An artist's impression of the trial. (Mainichi file)
HIROSHIMA -- Prosecutors again demanded the death penalty for a juvenile who was convicted of strangling a mother and her baby daughter in Yamaguchi Prefecture in 1999, during their closing argument at the Hiroshima High Court on Thursday.
The highly publicized case was sent back to the high court after the Supreme Court dismissed in June last year a lower court ruling that handed the now 26-year-old man life imprisonment, saying the decision was too lenient.
The defendant, whose name is being withheld under the Juvenile Law because he was 18 when he committed the crime, maintained during the latest trial that he hovered over the victim, Yayoi Motomura, because she reminded him of his late mother and that he had sex with her after her death "in order to bring her back alive."
However, prosecutors argued that his explanation was too abrupt and a weak distortion, saying, "It is clear that the defendant changed his confession repeatedly in accordance with the results of forensic and psychiatric evaluations," prosecutors said.
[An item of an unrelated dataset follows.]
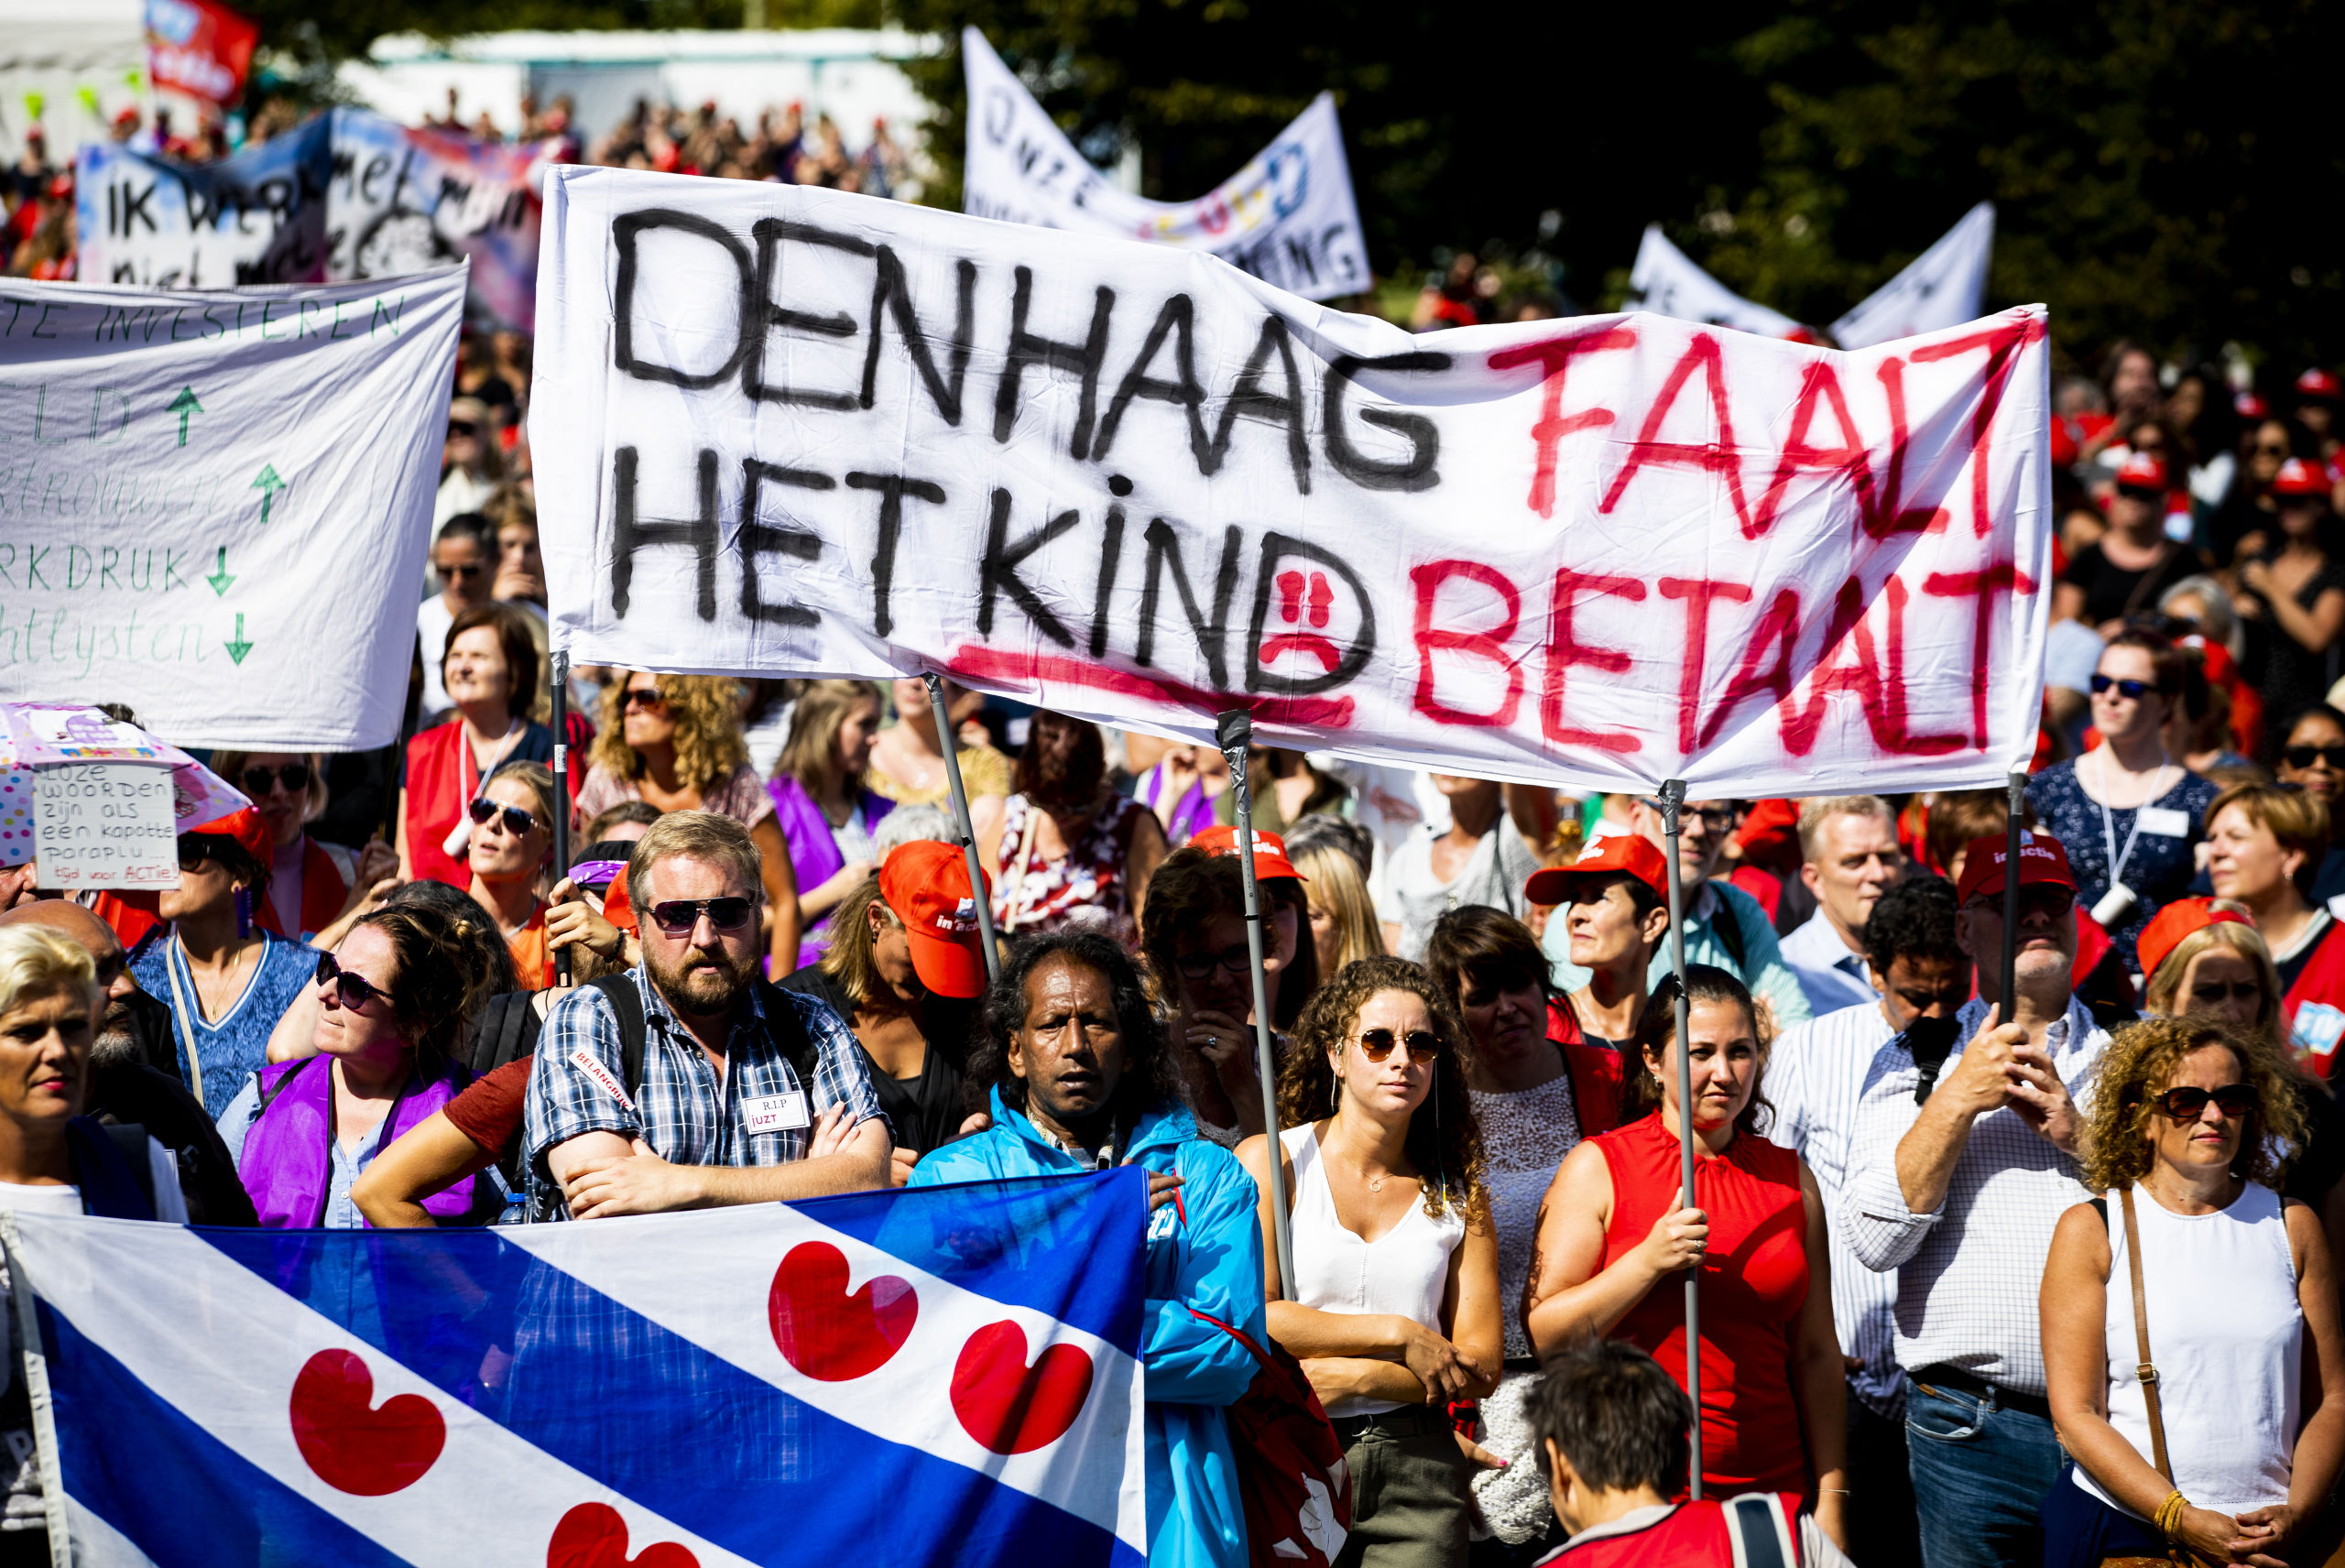 DEN HAAG - Jeugdzorgwerkers staken voor het eerst in de Nederlandse geschiedenis vanwege crisis in de jeugdzorg. De medewerkers eisen meer geld voor jeugdzorg, minder administratiedruk, een einde aan de inkoopwaanzin en fatsoenlijke arbeidsvoorwaarden voor de 30.000 jeugdzorgwerkers.

"The pretext offered by the defendant is only an excuse, and there is no reason to spare him capital punishment," said prosecutors.
The defendant was convicted of murder and rape resulting in death for strangling 23-year-old Motomura, and her 11-month-old daughter Yuka, at their home in Hikari, Yamaguchi Prefecture, on April 14, 1999.
During the latest appeal, the defendant denied his intention to kill Motomura, maintaining that he found himself choking her after he tried to put her down because she resisted. Prosecutors, however, claimed that it was clear that he intended to kill her because he kept pressing her neck with his bare hands for more than five minutes.